Let $E/K$ be a Galois extension and let $F$ be an intermediate field such that $K\subseteq F\subseteq E$. Then $E/F$ is a Galois extension too and $H=\mbox{Gal}(E/F)$ is a closed subgroup of $G=\mbox{Gal}(E/K)$. Then we have two topologies for $H$: The subspace topology by considering $H$ as a subspace of $G$ (which I call the subgroup topology) and the Krull topology by considering $H$ as the Galois group of the extension $E/F$. In both topologies, $H$ is clearly a profinite group.
I believe that both topologies on $H$ have to be the same. Let $$ \mathscr{V} = \{L : L/F \text{ is a finite Galois extension and } F\subseteq L\subseteq E\}. $$ Then $\mathscr{V}$ is an open neighborhood basis at $1$ of $H$. In order to prove that the subgroup topology on $H$ coincides with the Krull topology on $H$, it suffices to prove that $\mathscr{V}$ is an open neighborhood basis at $1$ in the subgroup topology.

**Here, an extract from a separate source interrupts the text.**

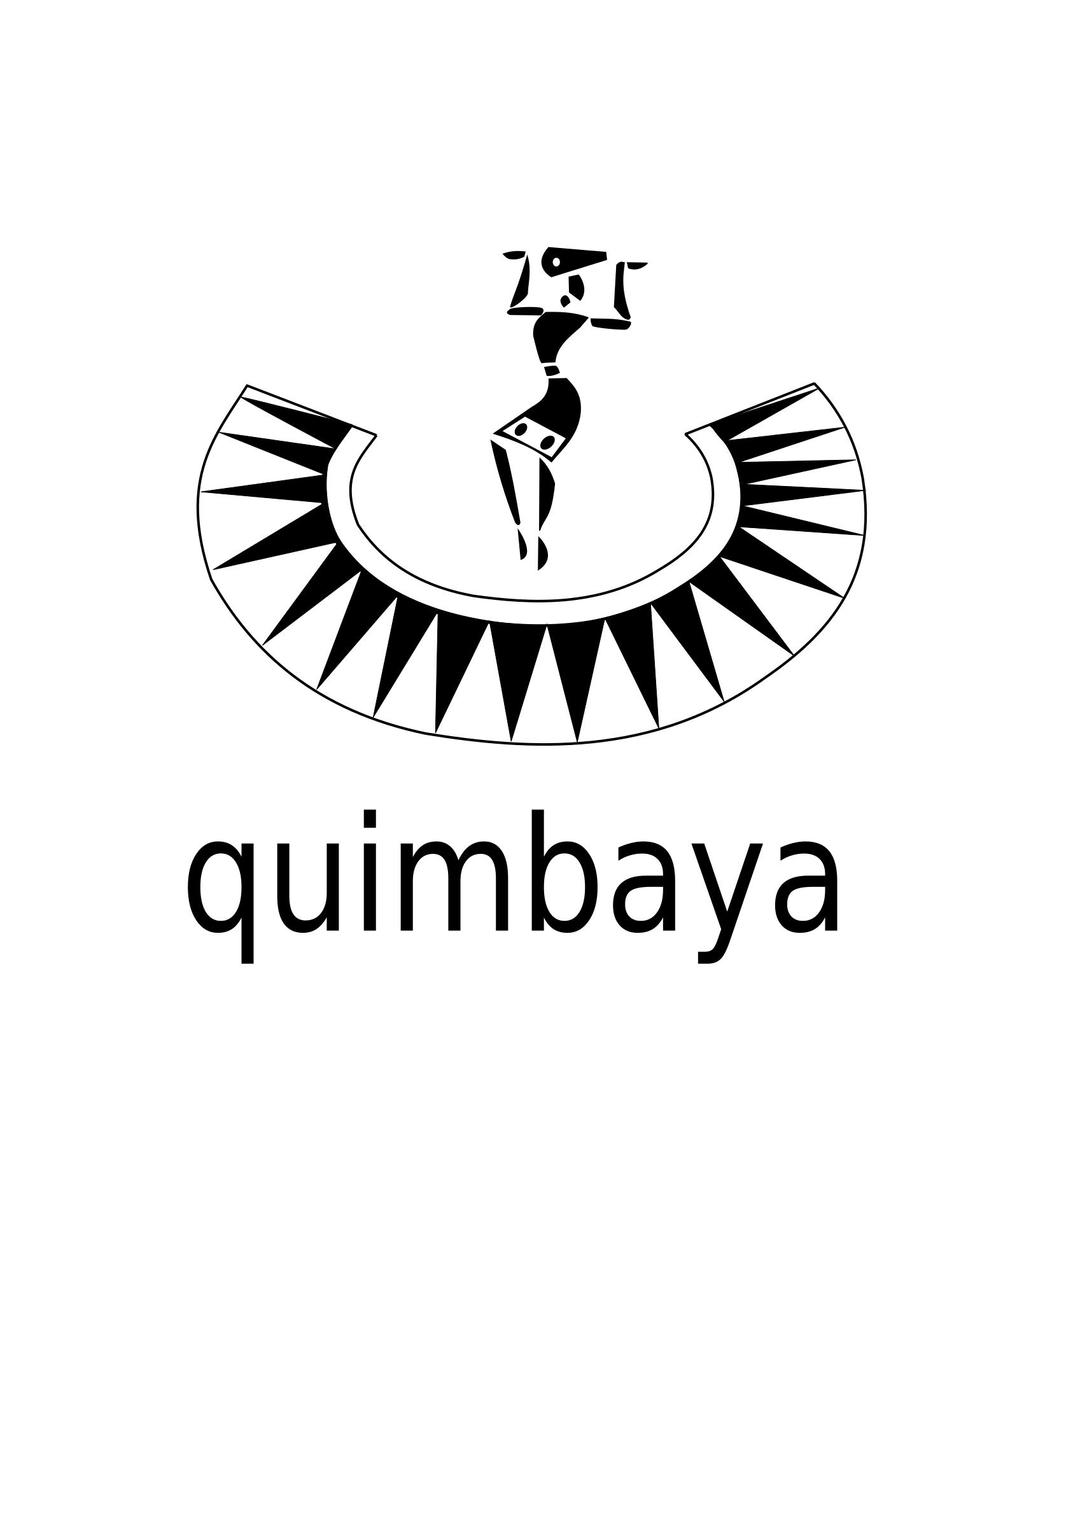 Cultura quimbaya de Colombia png transparent

It is easy to prove that given $U$, an open neighborhood of $1$ in the subspace topology of $H$, there exists a finite Galois extension $L/F$ contained in $E$ such that $\mbox{Gal}(E/L)\subseteq U$, so in order to conclude we only need to prove that the sets $\mbox{Gal}(E/L)$, with $L/F$ a finite Galois extension, are open in the subgroup topology.
I wanted to prove that we can write $$ \mbox{Gal}(E/L) = \mbox{Gal}(E/F)\cap \mbox{Gal}(E/M) = \mbox{Gal}(E/FM) $$ where $M/K$ is a finite Galois extension contained in $E$. But in this case this implies (by Galois correspondence) that $L=FM$, and I don't believe that this always works (or maybe it does but I don't know how to prove it).
So if you can give me a hint telling me how I can prove that both topologies are the same (or a counterexample if it is not true), that would be awesome.
Maybe a proof using the charaterization of Galois group as a projective limit would be interseting too (and I would love to know such a proof!).